The operational aspects of the project required us to focus on one specific use case. We decided to explore the effects of skeletal muscle endurance training in healthy subjects and in COPD patients. To this end, we analysed different levels of the system (blood, skeletal muscle and whole-body bioenergetics) with multidimensional assessments (physiological measurements, genomics, proteomics and metabolomics) in two different protocols (3-w and 8-w training periods) done in different sets of subjects. Each of the studies including three subsets of individuals: healthy sedentary subjects (C), COPD patients without muscle wasting (COPDN) and COPD patients with muscle wasting (COPDL). A large study aiming at analysing relationships between body mass composition and exercise capacity in COPD patients was also undertaken. Animal experiments and cell culture protocols were done to answer specific questions generated through the bioinformatics approach. Cardiac failure and diabetes type II were approached through data mining. Moreover, muscle dysfunction in diabetes type II patients was explored through inference analysis using public datasets and the results were compared with systemic effects seen in COPD patients and with those observed in other degenerative muscle diseases.
Besides the novelties emerging from the results of the experimental designs, the project has generated biological knowledge through the simulation environment. We have also done relevant contributions in several bioinformatic dimensions. Main achievements in this field were those related with multilevel data integration; development of SBML standards ensuring interoperability among different ICT tools; development of deterministic modelling of oxygen transport-central metabolism and mitochondrial ROS generation; preparing tools for inference analysis and probabilistic modelling; and, integration of simulation environment into the BIOBRIDGE portal.
Last but not least, the elaboration of future business prospective has also been an important component generating the formulation of specific strategies for future developments based on interactions between adoption of novel integrated care services for chronic patients based on open ICT platforms and systems biology developments.

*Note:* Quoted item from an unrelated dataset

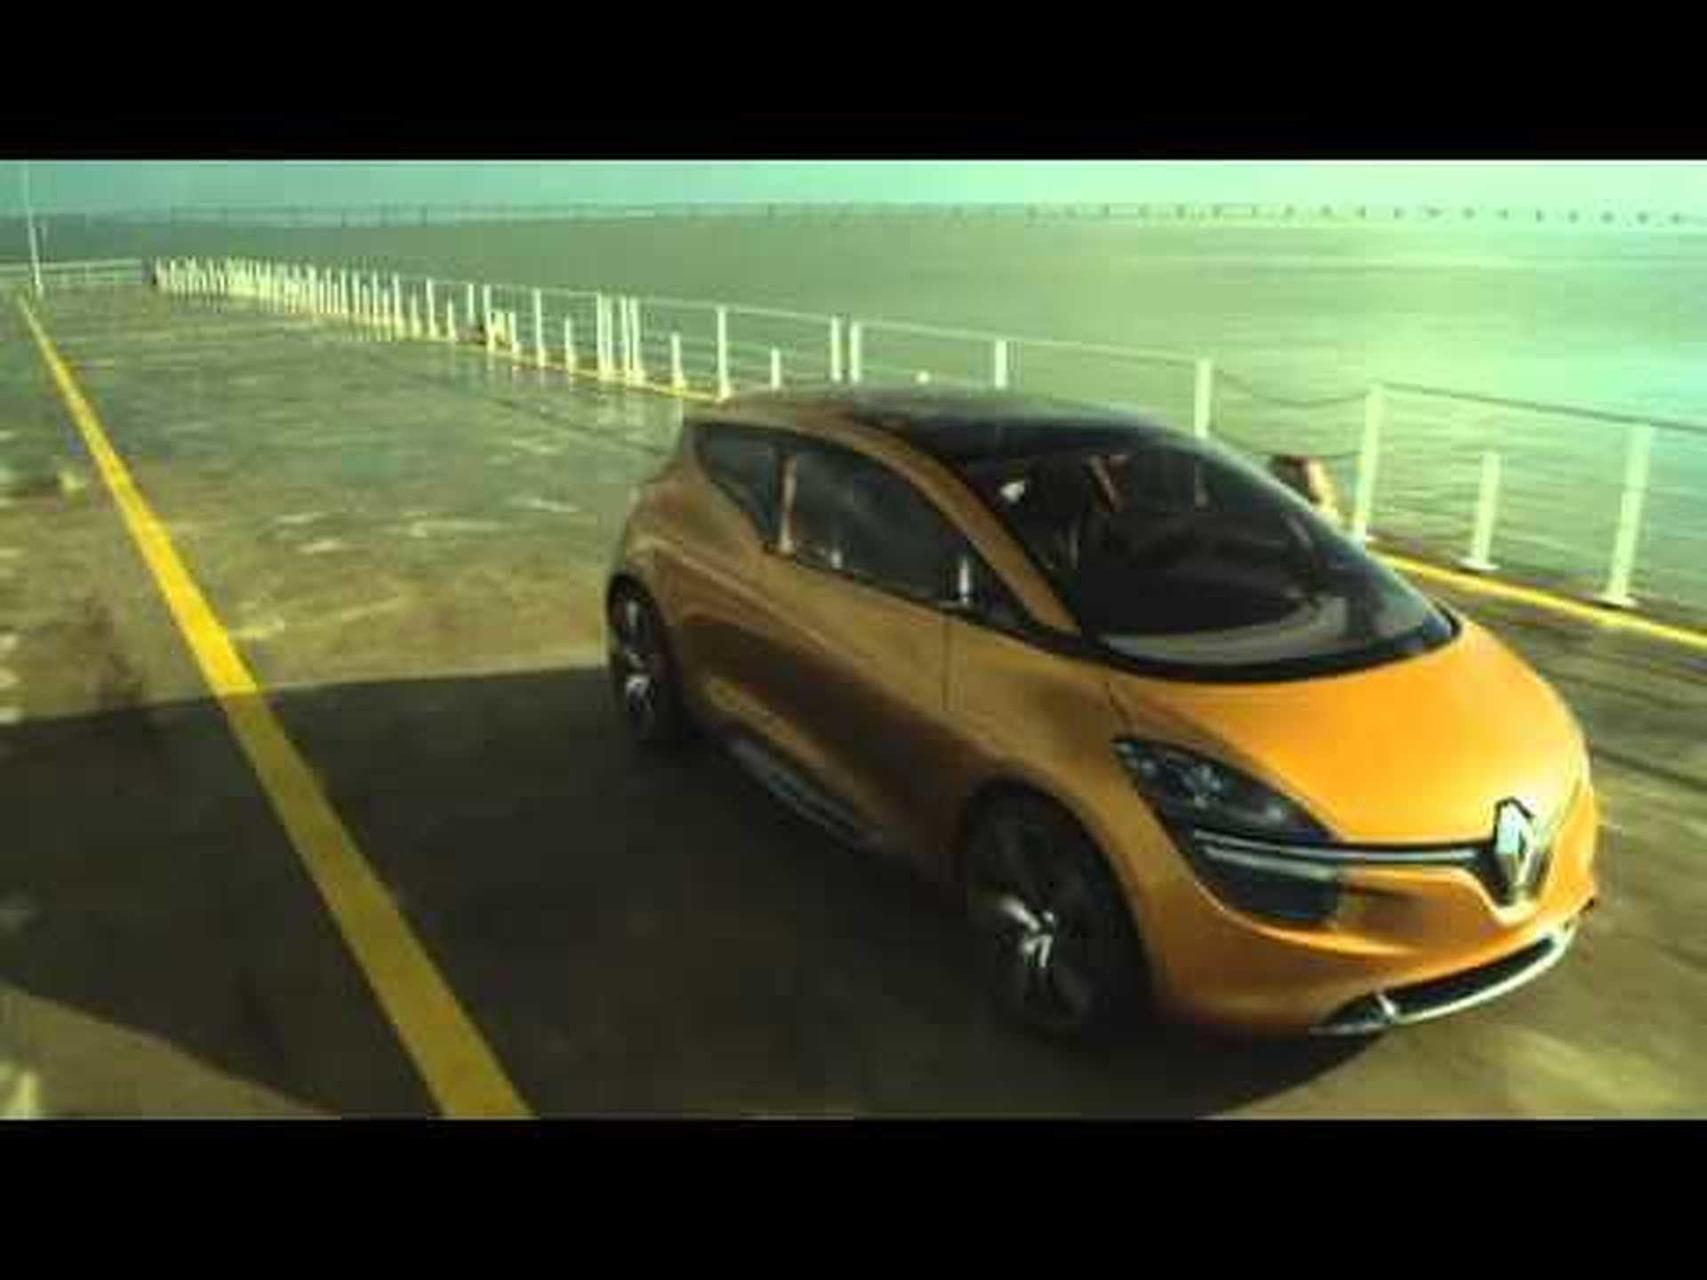 2011 Renault R-Space Concept Dynamic Shots

The success in deployment of integrated care services in our area and the networking with other platforms are generating strong synergies that will help to foster the business strategies articulated in BIOBRIDGE. Moreover, the bioinformatics platform allows generalisation, such that the simulation environment generated within the project should be useful to address other clinical problems. The results of the project will help to pave the way for predictive medicine for complex chronic diseases leading to personalised health strategies targeting chronic patients at early disease stages.